◆ Exercise details ◆
A word-for-word retyping of the listing below is required, with the pictures dropped.

◆ Collected material ◆

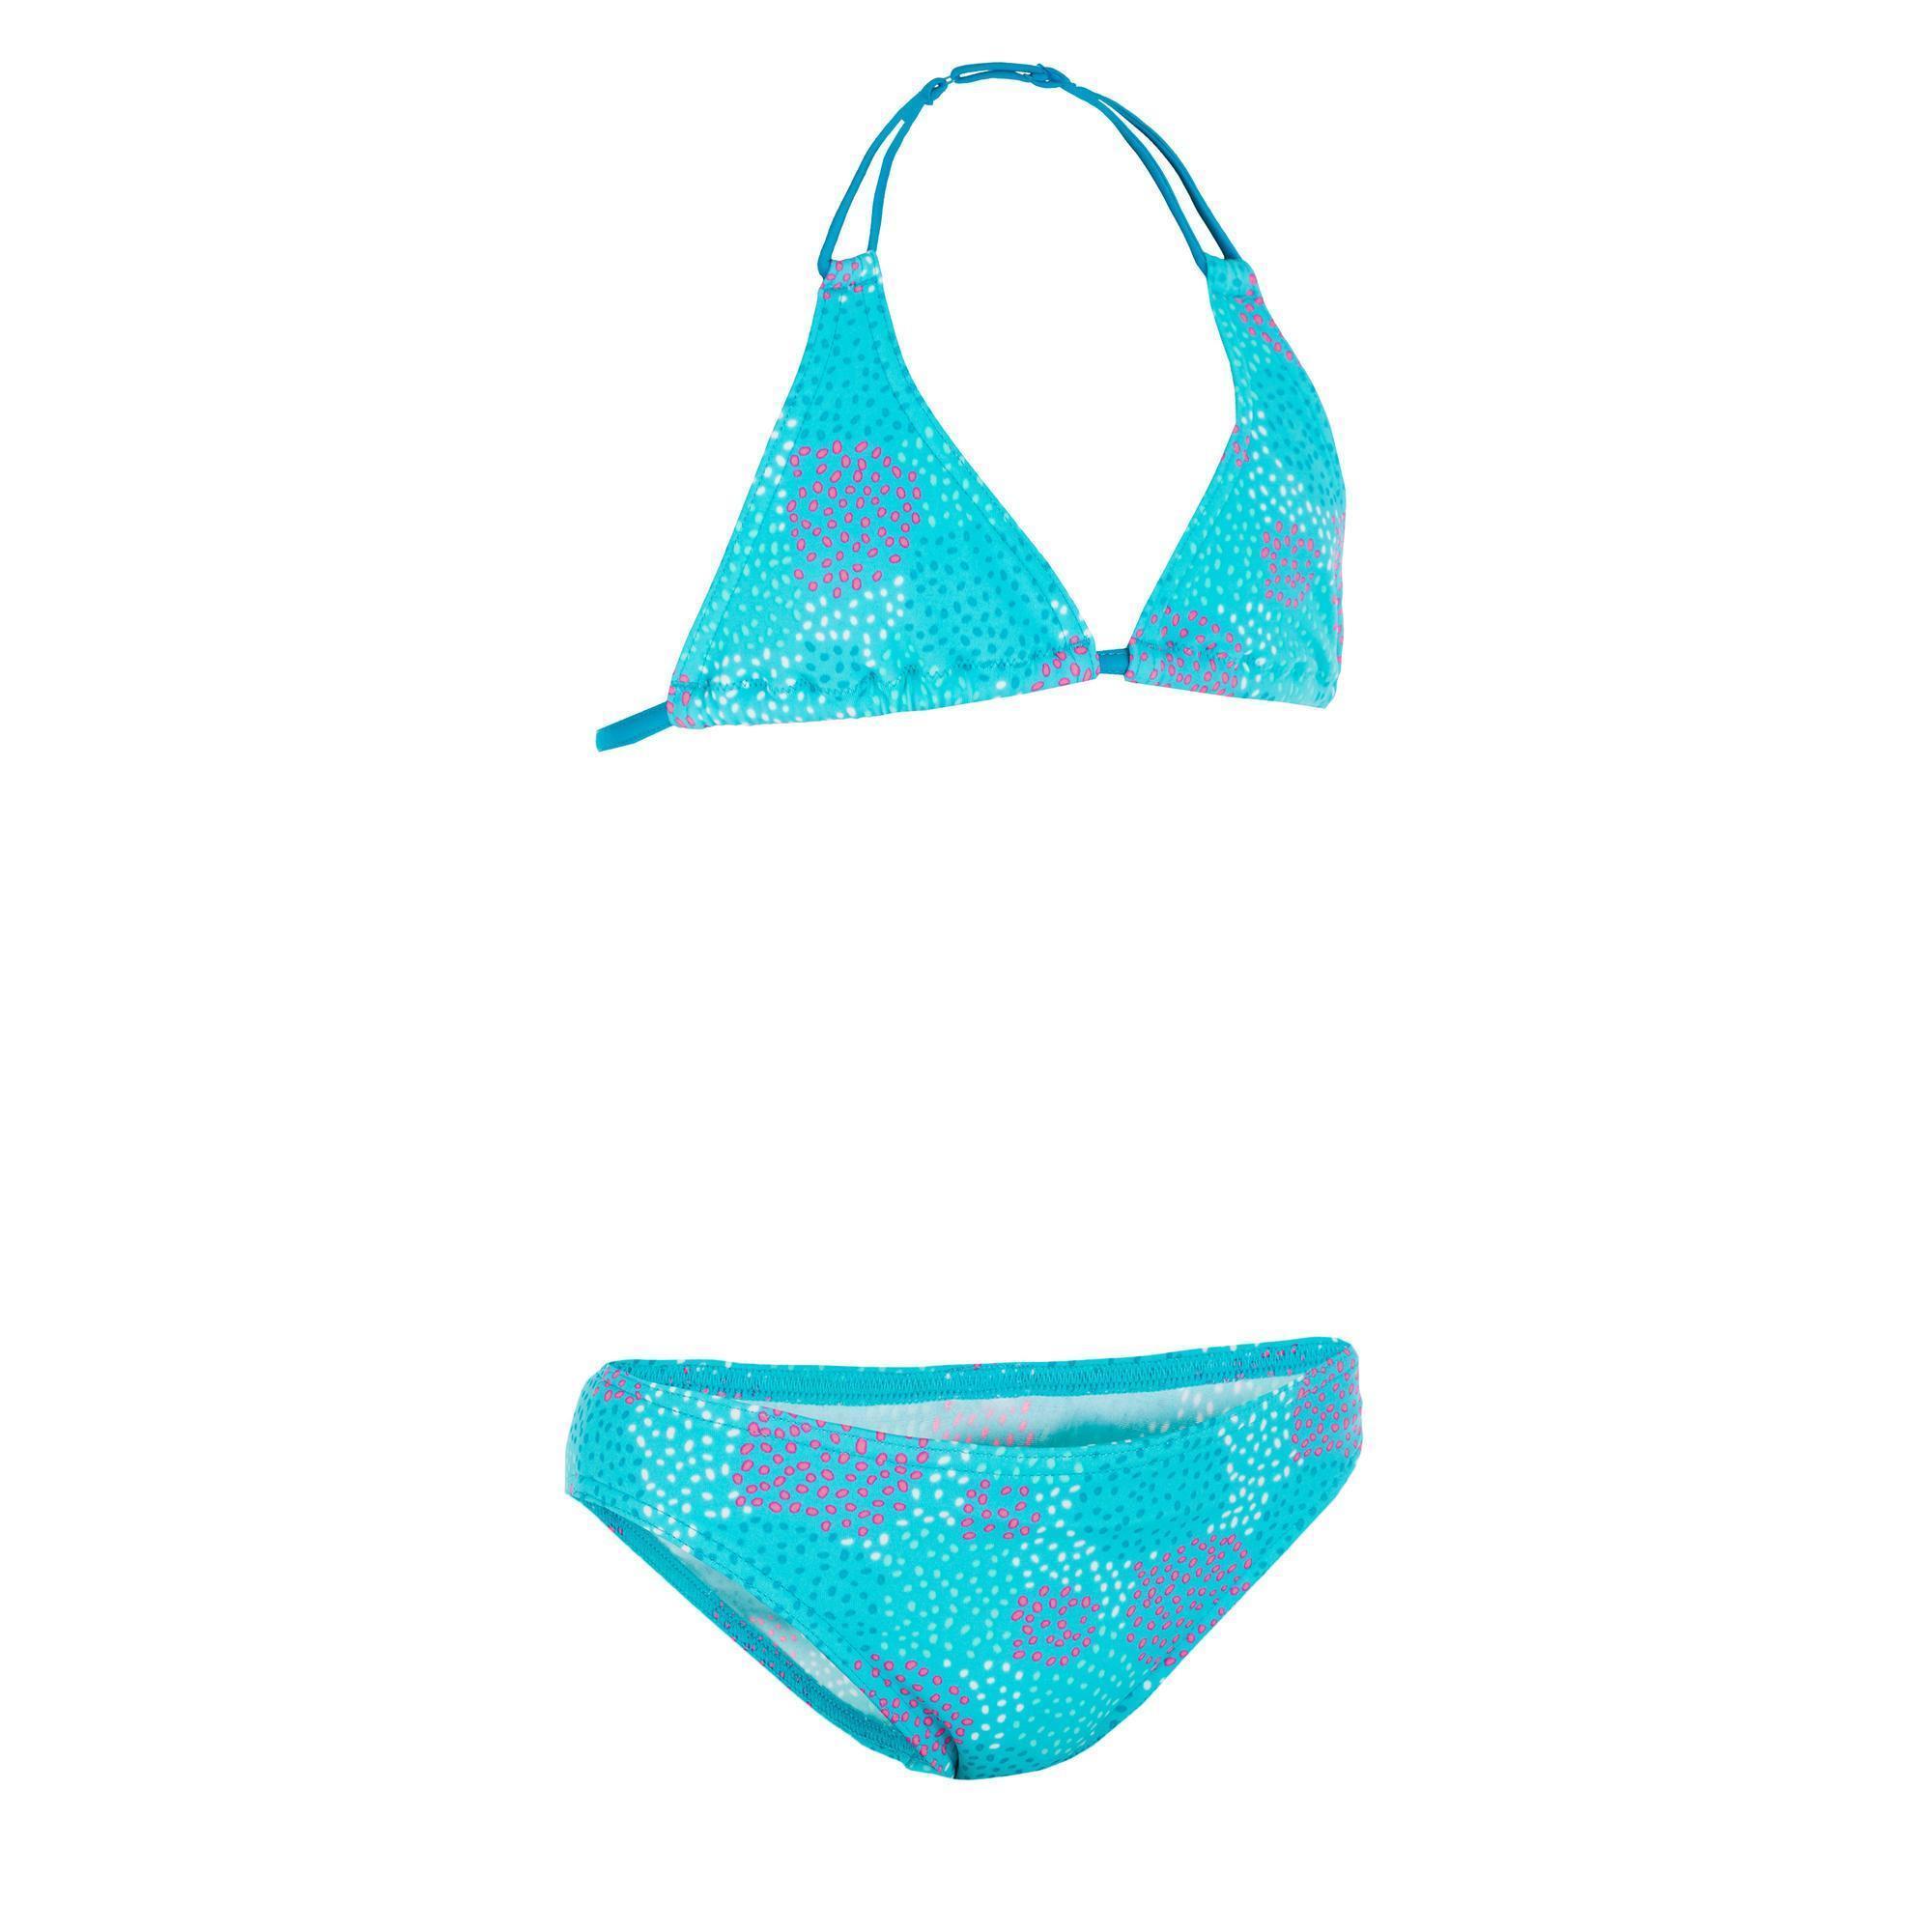 maillot de bain 2 pi ces fille triangle pompon bleu tribordvoile. Black Bedroom Furniture Sets. Home Design Ideas
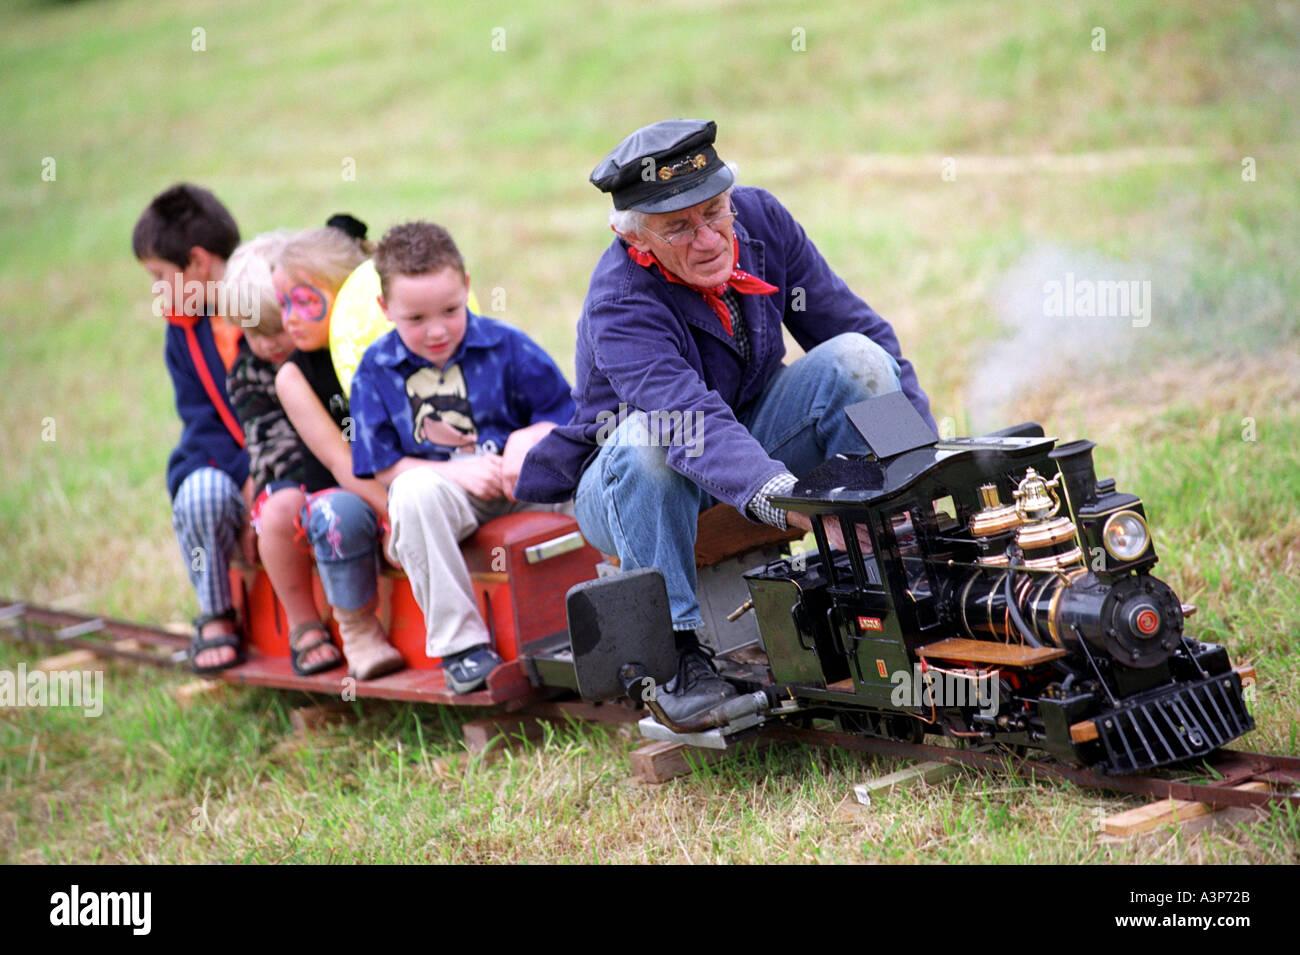 A model steam train taking children for a ride at a village fete in Dorset Britain UK Stock Photo
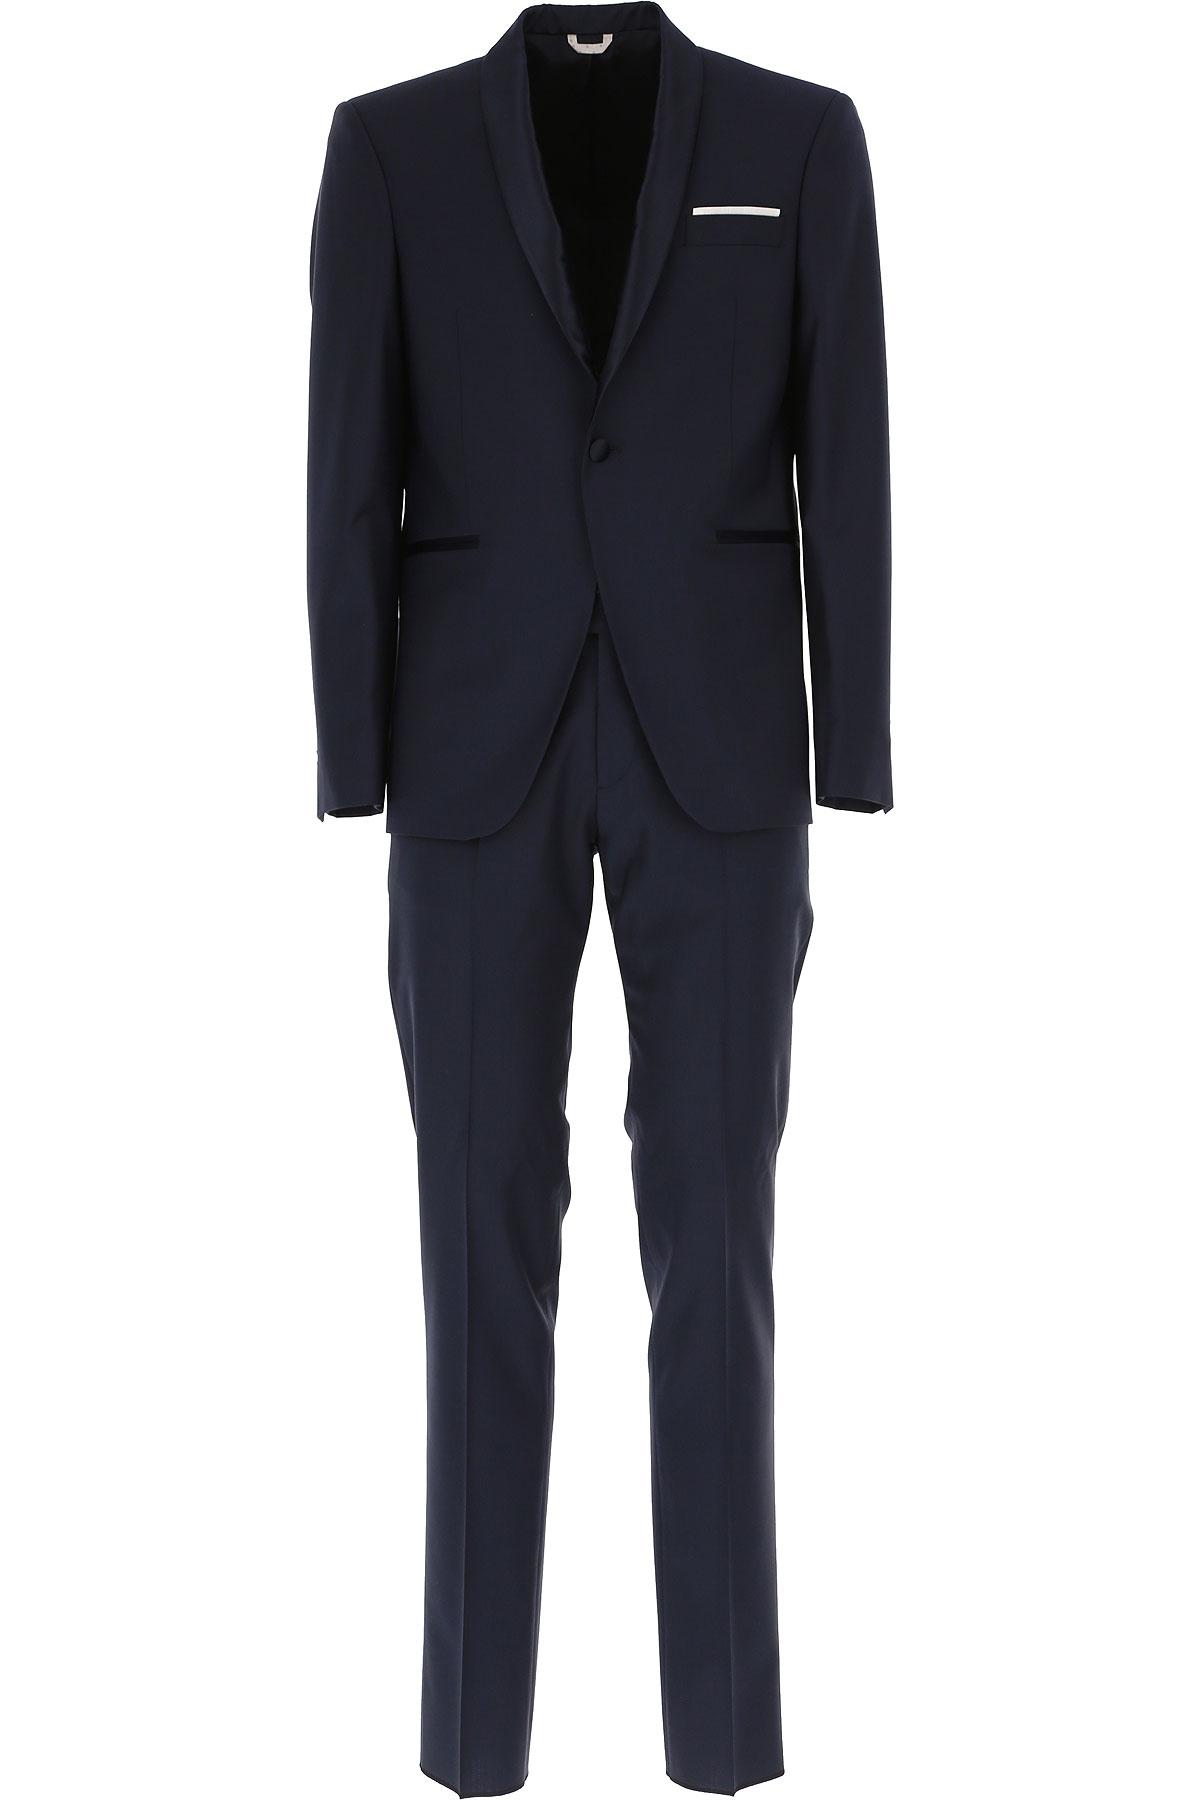 Simbols Men's Suit, Dark Blue, polyester, 2019, L XL

◆ Result for this exercise ◆
 maillot de bain 2 pi ces fille triangle pompon bleu tribordvoile. Black Bedroom Furniture Sets. Home Design Ideas
 A model steam train taking children for a ride at a village fete in Dorset Britain UK Stock Photo
 Simbols Men's Suit, Dark Blue, polyester, 2019, L XL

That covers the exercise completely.